You may not believe it but even in this slow economy there are FHA home loans for poor credit. Today we’re going to show you some of the ways you can still make your homeowning dream come true, even with your poor credit problems. We’ll discuss things like Percentage Rates, Eligible Properties, and Grant/Gift Programs. By the time you’re finished reading this article you should be armed with the proper information needed to get your home loan in progress.
Your annual percentage rate on your mortgage should be a key factor in deciding which of the FHA home loans for poor credit is right for you. Not all loans, even those from the FHA, have the new homeowner’s best interest in mind. There are two types of percentage rates to look for, fixed or adjustable.
Fixed rate mortgages are just that, fixed. You lock in the rate now and it stays the same over the life of your loan. These are usually higher rates than adjustable, but they offer less risk. Sometimes having poor credit will limit your access to fixed rate loans, but they are still out there. You just need to know where to look. The fixed rate loans range from 15 to 40 years to pay off, with 30 being the norm. Often times, those with poor credit will opt for the 40 year loan if they can get it because the monthly payments will be significantly reduced. However, this will also mean you’re paying an extra ten years of interest on the loan. The best rate will naturally be on a 15 year mortgage, but those are very difficult to get with bad credit.

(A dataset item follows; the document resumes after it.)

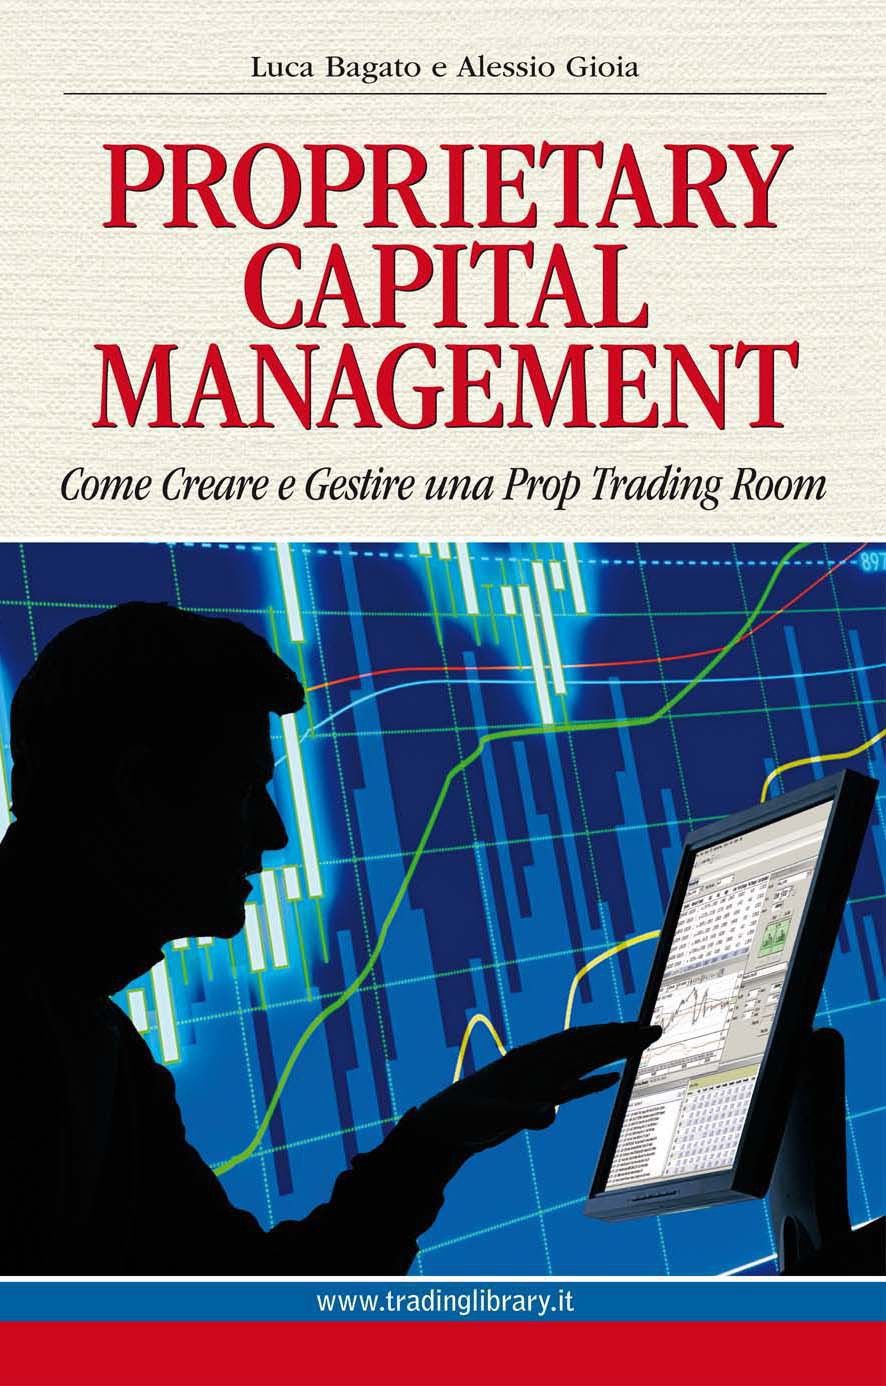 Proprietary capital management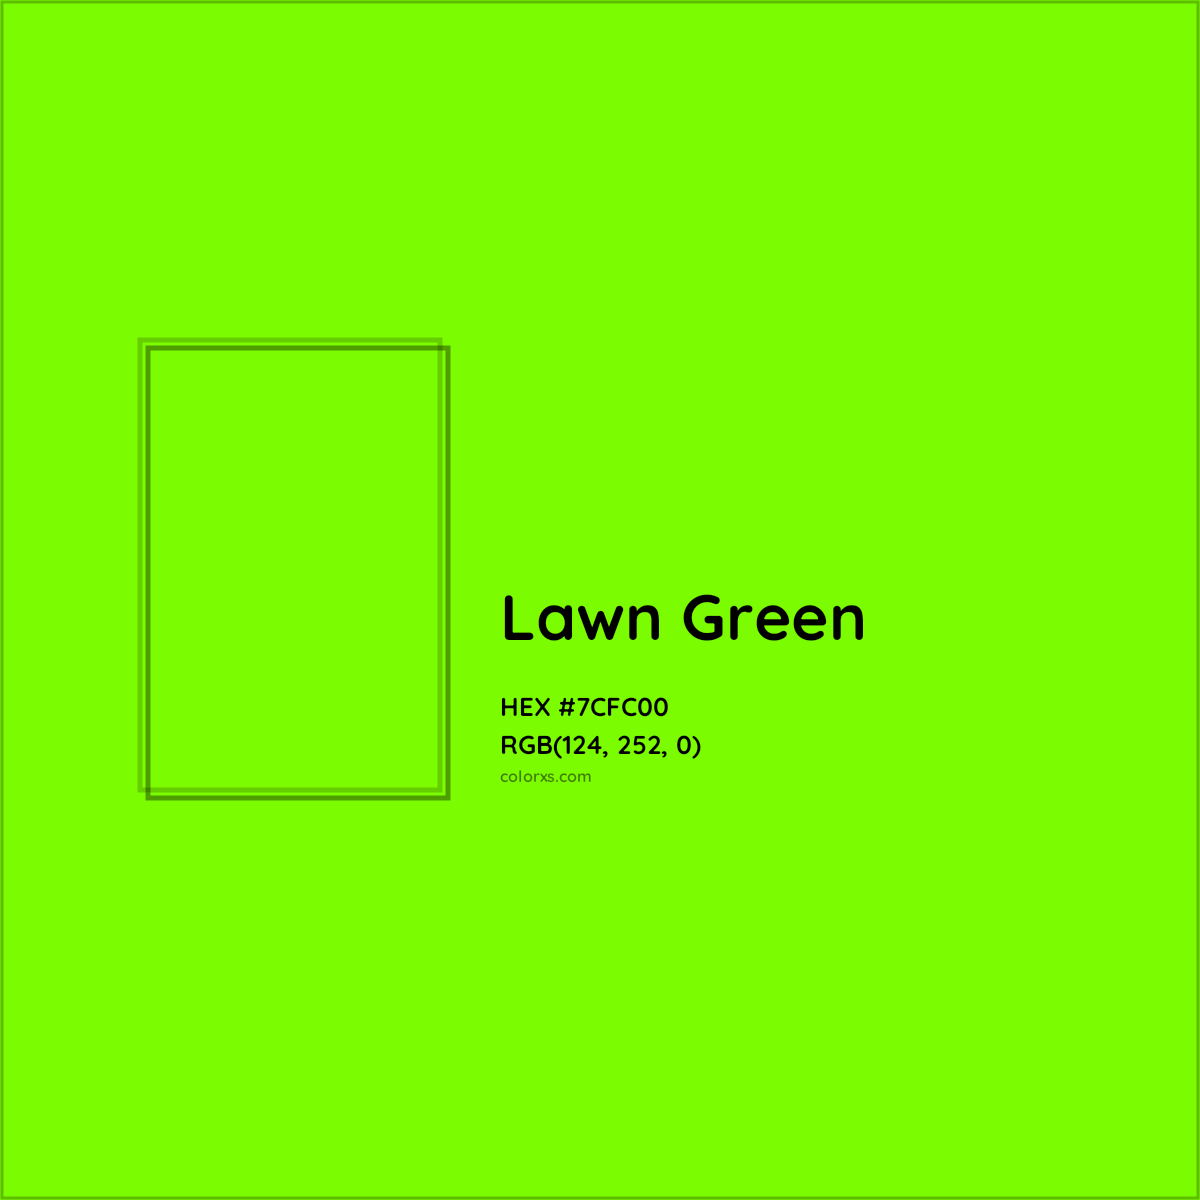 HEX #7CFC00 Lawn Green Color - Color Code

Adjustable rate mortgages start out with very low introductory rates. This is great to get someone with bad credit in the door. But you must read the fine print. Even though you can find adjustable FHA home loans for poor credit, they may not be the best financial decision. If you plan on staying in your home for more than 10 years, you may get hit with a rate hike you just can’t afford. There is one good thing about getting your adjustable rate mortgage through the FHA and that’s the fact that their rates don’t increase as quickly as conventional mortgages. On average, a private mortgage will adjust 2% a year, where the FHA loan will only adjust 1%. This is a dramatic savings when you consider the average home price for people with bad credit is still $200,000.
Since you’re in the market for FHA home loans for poor credit, then you are probably looking for the cheapest house you can find. However, you have to make sure it passes the strict guidelines set forth by the FHA. There are some do’s and don’ts when it comes to picking your FHA eligible home.
Contrary to popular belief, some manufactured homes will still qualify for an FHA home loan. The home must have a size of more than 400 and be built after 1976 to be sure it conforms to the Manufactured Home Construction and Safety Standards. An inspection will be necessary to prove this qualification. It must also be permanently affixed to the earth via a chassis and all the wheels must be removed. The mortgage you apply for must cover the home and the build site.
There are some properties that are not eligible for FHA home loans for poor credit. Those include co-ops and duplexes mainly. Also tourist homes and public boarding houses are not eligible, and any property that would be rezoned as commercial. The FHA feels that these are income producing properties and therefore don’t qualify for a home loan.
Many FHA home loans for poor credit offer gifts and other incentives to help their borrowers make closing. These include such things as sellers paying closing costs. While private mortgage companies generally only allow the seller to put up 3% of closing, the FHA doubles this allowance to 6%. This often means the difference between a low credit buyer getting into their dream home or not. Sometimes there’s even enough left over at closing to use that seller’s contribution toward your interest rate points. This would mean less of a monthly payment than you anticipated and budgeted for in the first place.
There are also many disaster relief programs associated with FHA home loans for poor credit. These loans offer 100% mortgages instead of the traditional 80%. This means you can usually walk away with little to no closing cost and be back in your own home in no time. Also, these loans only look at your credit history prior to the natural disaster. Therefore, any credit problems you’ve found yourself in since then will not be held against you. This will help get you back on your feet quickly, and then you can work on those recent credit issues.
The FHA home loans for poor credit also allow gift funds and grants to be brought to the closing table. Many faith based organizations will have programs offered to members of their congregation. Otherwise, check with your local chapter of Metropolitan Ministries and other community outreach programs to see if they offer any assistance. Also, if you’re receiving any form of public assistance, you can check with your case manager. They will have access to many community organizations and classes you can take to receive this aid. Normally, after completing a few classes and credit repair steps, you can receive up to $10,000 toward closing.
Now that you’ve learned so many new things about FHA home loans for poor credit it’s time to get out there and start financing. Keep in mind that you have to watch out for that adjustable rate, make sure the property is eligible, and look for some grants or gift funds. Once you have all this in place, be sure to choose a home that best fits your family and your wallet. Chances are your grandkids will be coming to visit in a few years.